* Supplied material
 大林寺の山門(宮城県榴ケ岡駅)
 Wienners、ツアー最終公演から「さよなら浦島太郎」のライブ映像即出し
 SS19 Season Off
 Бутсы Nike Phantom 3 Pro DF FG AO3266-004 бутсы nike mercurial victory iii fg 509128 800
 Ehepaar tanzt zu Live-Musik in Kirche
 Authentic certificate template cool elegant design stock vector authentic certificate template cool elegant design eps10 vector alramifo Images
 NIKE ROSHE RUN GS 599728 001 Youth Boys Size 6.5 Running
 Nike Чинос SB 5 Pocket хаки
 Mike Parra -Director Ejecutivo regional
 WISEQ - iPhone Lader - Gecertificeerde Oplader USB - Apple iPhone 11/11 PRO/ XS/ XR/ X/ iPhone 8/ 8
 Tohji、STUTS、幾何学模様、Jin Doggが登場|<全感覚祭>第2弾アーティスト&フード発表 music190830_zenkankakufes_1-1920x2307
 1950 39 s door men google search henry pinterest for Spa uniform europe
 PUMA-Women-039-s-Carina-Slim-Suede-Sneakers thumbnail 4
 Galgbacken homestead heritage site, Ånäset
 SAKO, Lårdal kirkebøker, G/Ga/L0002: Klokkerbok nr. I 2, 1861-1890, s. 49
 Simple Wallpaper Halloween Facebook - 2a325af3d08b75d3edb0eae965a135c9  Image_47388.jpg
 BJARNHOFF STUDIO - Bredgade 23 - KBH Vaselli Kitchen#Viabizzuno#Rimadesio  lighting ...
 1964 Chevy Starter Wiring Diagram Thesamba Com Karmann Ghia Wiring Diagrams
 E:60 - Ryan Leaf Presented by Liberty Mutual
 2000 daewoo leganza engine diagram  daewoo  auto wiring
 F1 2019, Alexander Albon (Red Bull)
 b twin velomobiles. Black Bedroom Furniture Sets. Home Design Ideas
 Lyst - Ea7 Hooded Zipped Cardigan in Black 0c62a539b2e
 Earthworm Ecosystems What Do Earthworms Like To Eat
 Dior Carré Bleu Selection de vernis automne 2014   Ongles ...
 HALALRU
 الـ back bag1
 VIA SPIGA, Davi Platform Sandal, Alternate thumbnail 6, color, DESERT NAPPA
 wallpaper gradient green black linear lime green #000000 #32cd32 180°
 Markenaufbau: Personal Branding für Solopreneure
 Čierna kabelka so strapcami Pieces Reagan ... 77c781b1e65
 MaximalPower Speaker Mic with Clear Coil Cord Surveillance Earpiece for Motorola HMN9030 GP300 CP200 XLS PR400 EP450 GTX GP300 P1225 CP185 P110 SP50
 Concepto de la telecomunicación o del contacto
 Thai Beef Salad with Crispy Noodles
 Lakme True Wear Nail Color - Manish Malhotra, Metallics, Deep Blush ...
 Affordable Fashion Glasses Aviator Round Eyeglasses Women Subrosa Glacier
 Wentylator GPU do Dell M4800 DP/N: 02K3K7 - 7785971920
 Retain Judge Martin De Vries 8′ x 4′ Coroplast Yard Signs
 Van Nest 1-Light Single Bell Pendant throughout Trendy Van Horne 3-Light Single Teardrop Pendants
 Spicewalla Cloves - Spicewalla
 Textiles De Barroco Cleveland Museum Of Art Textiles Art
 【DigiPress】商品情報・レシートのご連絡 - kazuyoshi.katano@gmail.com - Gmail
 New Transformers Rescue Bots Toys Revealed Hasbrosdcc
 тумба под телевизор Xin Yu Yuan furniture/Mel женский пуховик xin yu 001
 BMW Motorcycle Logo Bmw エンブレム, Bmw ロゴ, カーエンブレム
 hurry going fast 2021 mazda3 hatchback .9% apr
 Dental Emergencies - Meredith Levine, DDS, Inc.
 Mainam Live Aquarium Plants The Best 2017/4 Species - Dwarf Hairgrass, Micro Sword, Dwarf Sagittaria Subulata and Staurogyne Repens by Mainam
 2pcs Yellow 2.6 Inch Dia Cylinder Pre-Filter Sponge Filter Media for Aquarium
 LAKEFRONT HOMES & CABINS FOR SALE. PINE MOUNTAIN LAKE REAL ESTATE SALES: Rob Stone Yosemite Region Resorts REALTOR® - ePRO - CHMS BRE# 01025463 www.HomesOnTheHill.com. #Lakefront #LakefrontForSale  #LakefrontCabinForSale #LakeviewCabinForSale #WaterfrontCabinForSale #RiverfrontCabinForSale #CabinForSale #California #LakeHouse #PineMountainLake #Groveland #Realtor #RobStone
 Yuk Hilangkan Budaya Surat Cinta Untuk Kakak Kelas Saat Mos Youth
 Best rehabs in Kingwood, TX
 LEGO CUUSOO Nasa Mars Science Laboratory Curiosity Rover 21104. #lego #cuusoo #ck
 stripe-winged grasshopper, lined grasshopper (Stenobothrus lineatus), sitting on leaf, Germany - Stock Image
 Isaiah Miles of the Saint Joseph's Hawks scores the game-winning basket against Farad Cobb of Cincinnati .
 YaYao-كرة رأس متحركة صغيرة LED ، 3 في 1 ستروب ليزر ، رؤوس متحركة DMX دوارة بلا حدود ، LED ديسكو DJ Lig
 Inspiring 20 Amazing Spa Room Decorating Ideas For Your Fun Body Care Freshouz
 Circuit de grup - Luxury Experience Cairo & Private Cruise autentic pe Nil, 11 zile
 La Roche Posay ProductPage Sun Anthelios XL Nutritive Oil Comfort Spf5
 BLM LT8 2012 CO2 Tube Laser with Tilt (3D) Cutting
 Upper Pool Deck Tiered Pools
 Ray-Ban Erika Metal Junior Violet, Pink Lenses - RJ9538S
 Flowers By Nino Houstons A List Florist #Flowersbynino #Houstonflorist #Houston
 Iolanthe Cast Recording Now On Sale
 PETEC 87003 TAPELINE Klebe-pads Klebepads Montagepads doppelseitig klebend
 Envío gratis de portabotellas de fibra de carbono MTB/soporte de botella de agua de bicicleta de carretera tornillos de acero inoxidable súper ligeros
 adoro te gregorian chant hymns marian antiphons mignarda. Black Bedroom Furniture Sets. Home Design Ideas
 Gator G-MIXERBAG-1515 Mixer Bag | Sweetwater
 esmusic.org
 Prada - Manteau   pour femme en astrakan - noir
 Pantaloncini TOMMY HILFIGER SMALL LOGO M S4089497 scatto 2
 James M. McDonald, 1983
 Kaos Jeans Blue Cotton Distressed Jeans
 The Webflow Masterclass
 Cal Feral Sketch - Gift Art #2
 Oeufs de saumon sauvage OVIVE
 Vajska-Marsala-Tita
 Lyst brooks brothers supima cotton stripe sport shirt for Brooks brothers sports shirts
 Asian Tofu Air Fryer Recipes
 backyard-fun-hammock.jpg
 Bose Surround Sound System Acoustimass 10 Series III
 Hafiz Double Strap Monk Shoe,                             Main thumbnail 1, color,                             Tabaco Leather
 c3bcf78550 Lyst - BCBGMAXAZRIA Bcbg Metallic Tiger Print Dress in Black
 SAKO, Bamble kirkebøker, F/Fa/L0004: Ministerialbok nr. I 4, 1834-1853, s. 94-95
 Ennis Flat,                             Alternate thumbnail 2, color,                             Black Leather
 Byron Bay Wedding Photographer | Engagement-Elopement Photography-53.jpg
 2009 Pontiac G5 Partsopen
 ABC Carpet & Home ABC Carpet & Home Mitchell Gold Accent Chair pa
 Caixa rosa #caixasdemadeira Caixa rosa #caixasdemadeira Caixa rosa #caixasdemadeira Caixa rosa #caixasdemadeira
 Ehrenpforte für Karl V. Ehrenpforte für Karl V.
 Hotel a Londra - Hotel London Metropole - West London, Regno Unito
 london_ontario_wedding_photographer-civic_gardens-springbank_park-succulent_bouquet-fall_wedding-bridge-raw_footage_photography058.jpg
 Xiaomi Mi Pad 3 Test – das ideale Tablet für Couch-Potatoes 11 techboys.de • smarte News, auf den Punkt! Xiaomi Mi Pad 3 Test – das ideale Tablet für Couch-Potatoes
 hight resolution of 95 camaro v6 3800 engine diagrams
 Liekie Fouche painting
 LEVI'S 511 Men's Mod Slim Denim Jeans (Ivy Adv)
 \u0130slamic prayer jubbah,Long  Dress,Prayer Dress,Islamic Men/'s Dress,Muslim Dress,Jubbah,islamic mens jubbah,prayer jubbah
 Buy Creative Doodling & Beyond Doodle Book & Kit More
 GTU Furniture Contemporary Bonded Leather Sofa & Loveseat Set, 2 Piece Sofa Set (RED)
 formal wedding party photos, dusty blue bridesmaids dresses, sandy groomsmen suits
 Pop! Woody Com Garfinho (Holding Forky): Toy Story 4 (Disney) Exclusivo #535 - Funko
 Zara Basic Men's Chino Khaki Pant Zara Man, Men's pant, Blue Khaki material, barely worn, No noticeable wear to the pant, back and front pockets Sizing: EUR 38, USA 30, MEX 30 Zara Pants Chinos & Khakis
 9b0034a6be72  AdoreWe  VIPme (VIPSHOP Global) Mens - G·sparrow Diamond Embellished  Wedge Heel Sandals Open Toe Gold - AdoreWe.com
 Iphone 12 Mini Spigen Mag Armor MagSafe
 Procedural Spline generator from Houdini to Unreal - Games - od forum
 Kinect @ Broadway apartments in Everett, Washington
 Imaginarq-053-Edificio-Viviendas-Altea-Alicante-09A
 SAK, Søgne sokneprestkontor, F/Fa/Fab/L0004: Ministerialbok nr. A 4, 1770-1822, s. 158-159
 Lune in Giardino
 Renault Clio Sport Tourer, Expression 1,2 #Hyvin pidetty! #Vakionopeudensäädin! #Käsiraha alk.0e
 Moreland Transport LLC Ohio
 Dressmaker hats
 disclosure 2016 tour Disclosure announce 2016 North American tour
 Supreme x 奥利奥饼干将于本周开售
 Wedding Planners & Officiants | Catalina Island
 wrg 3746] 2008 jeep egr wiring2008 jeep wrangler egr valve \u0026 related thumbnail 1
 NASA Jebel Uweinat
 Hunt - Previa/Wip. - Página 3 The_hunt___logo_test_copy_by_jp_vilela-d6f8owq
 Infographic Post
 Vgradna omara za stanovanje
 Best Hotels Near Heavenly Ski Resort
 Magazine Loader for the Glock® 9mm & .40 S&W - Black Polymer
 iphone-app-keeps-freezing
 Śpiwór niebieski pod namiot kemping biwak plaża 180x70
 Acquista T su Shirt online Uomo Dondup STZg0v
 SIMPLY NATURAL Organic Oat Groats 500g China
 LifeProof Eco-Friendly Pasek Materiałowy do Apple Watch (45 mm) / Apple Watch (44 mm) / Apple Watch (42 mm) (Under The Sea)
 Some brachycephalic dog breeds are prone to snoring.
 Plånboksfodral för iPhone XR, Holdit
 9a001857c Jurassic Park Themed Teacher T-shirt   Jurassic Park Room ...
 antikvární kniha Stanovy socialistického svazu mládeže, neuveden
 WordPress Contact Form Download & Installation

* What to work on
Only the lines above from the one with "WISEQ - iPhone" through the one with "Thai Beef Salad with Crispy Noodles" should be duplicated, character for character.

* Solution to this exercise
 WISEQ - iPhone Lader - Gecertificeerde Oplader USB - Apple iPhone 11/11 PRO/ XS/ XR/ X/ iPhone 8/ 8
 Tohji、STUTS、幾何学模様、Jin Doggが登場|<全感覚祭>第2弾アーティスト&フード発表 music190830_zenkankakufes_1-1920x2307
 1950 39 s door men google search henry pinterest for Spa uniform europe
 PUMA-Women-039-s-Carina-Slim-Suede-Sneakers thumbnail 4
 Galgbacken homestead heritage site, Ånäset
 SAKO, Lårdal kirkebøker, G/Ga/L0002: Klokkerbok nr. I 2, 1861-1890, s. 49
 Simple Wallpaper Halloween Facebook - 2a325af3d08b75d3edb0eae965a135c9  Image_47388.jpg
 BJARNHOFF STUDIO - Bredgade 23 - KBH Vaselli Kitchen#Viabizzuno#Rimadesio  lighting ...
 1964 Chevy Starter Wiring Diagram Thesamba Com Karmann Ghia Wiring Diagrams
 E:60 - Ryan Leaf Presented by Liberty Mutual
 2000 daewoo leganza engine diagram  daewoo  auto wiring
 F1 2019, Alexander Albon (Red Bull)
 b twin velomobiles. Black Bedroom Furniture Sets. Home Design Ideas
 Lyst - Ea7 Hooded Zipped Cardigan in Black 0c62a539b2e
 Earthworm Ecosystems What Do Earthworms Like To Eat
 Dior Carré Bleu Selection de vernis automne 2014   Ongles ...
 HALALRU
 الـ back bag1
 VIA SPIGA, Davi Platform Sandal, Alternate thumbnail 6, color, DESERT NAPPA
 wallpaper gradient green black linear lime green #000000 #32cd32 180°
 Markenaufbau: Personal Branding für Solopreneure
 Čierna kabelka so strapcami Pieces Reagan ... 77c781b1e65
 MaximalPower Speaker Mic with Clear Coil Cord Surveillance Earpiece for Motorola HMN9030 GP300 CP200 XLS PR400 EP450 GTX GP300 P1225 CP185 P110 SP50
 Concepto de la telecomunicación o del contacto
 Thai Beef Salad with Crispy Noodles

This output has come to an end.